The decrease in NT levels in this study is indicative of not just the presence of the disease but is also predictive of disease severity. Predicting cases that may show a severe course on admission to the hospital will provide early intervention advantage in the management of patients. Previous studies have shown the relation between D-dimer, ferritin, and IL-6 with the severity of the disease [23,24]. In our study, it was determined that a single-time measurement of thiol levels is highly indicative of predicting disease severity, like IL-6. Thiol measurement using the automated spectrophotometric method developed by Erel and Neşelioğlu yields results in a cheaper and must faster (<10 minutes) manner compared to the IL-6 test. In a period where patient numbers are on the rise, it is a fast and cost-effective test in the diagnosis of COVID-19 and in determining clinical severity. While the IL-6 cost per test is 0.972 EUR, the cost of NT per test is 0.043 EUR at our hospital (market rates from 22/10/2020 have been used; 1 TRY = 0.108 EUR).
In severe patients with negative SARS-CoV-2 PCR testing, diagnostic tests like thorax computed tomography and others support the diagnosis. However, it is not always easy to distinguish mild to moderate COVID-19 patients from those who are not ill. For this reason, there is a need for additional parameters that can be used to both begin treatments early and to separate mild to moderate COVID-19 patients from those who are not COVID-19 patients.

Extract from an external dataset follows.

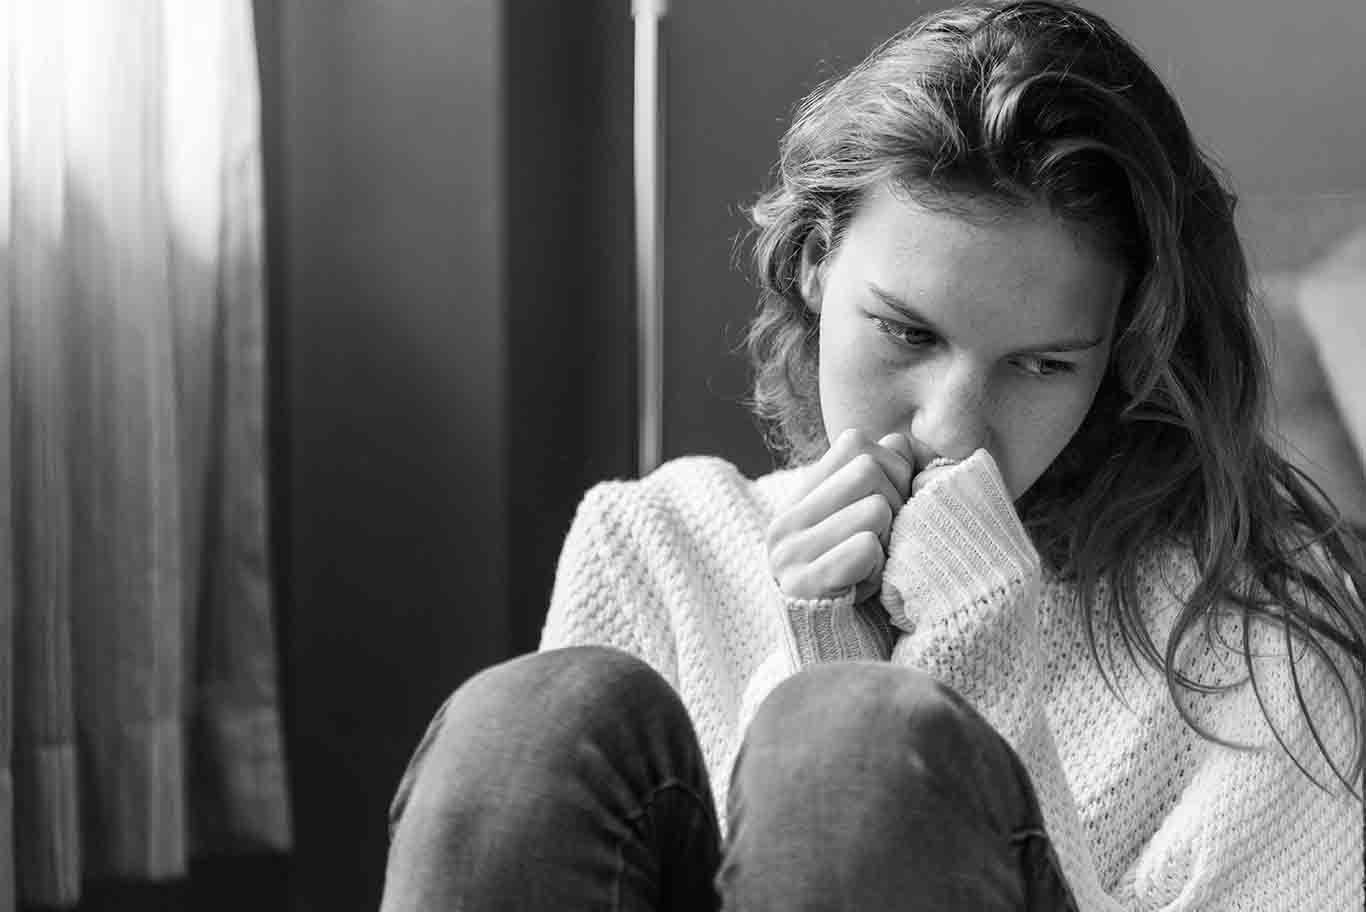 Patut Dicontoh, 7 Kebiasaan yang Nggak Pernah Dilakukan Orang Sukses

In our study, it was observed that NT levels were highly conducive to separating the mild to moderate patient group from the control group.
There are studies on the use of antioxidant molecules in the treatment of COVID-19 patients and their clinical benefit [[25], [26], [27], [28]]. Glutathione, some trace elements like zinc and selenium, vitamin E, C, D, melatonin, carotenoids and polyphenols are among the molecules used as antioxidants. Glutathione, which includes the cysteine amino acid, has been shown to be effective in the viral infections such as influenza, herpes simplex virus [29]. The low levels of NT and TT we observed in our study also explains the benefit of antioxidants in treatments. Additionally, the negative correlation between symptom duration and NT levels is supportive of the use of thiol derivatives in both the treatment of the disease as well as symptomatic treatments.
The role of Nox2, an important ROS, in COVID-19 was investigated in a recently published article. Nox2 activity was found to be higher in COVID-19 patients compared to the control group and patients with ICU need compared to the patients without ICU need [30]. These findings demonstrate that oxidative stress can be effective in the pathogenesis of COVID-19 and support our study showing a decrease in antioxidant molecules that neutralize oxidative molecules.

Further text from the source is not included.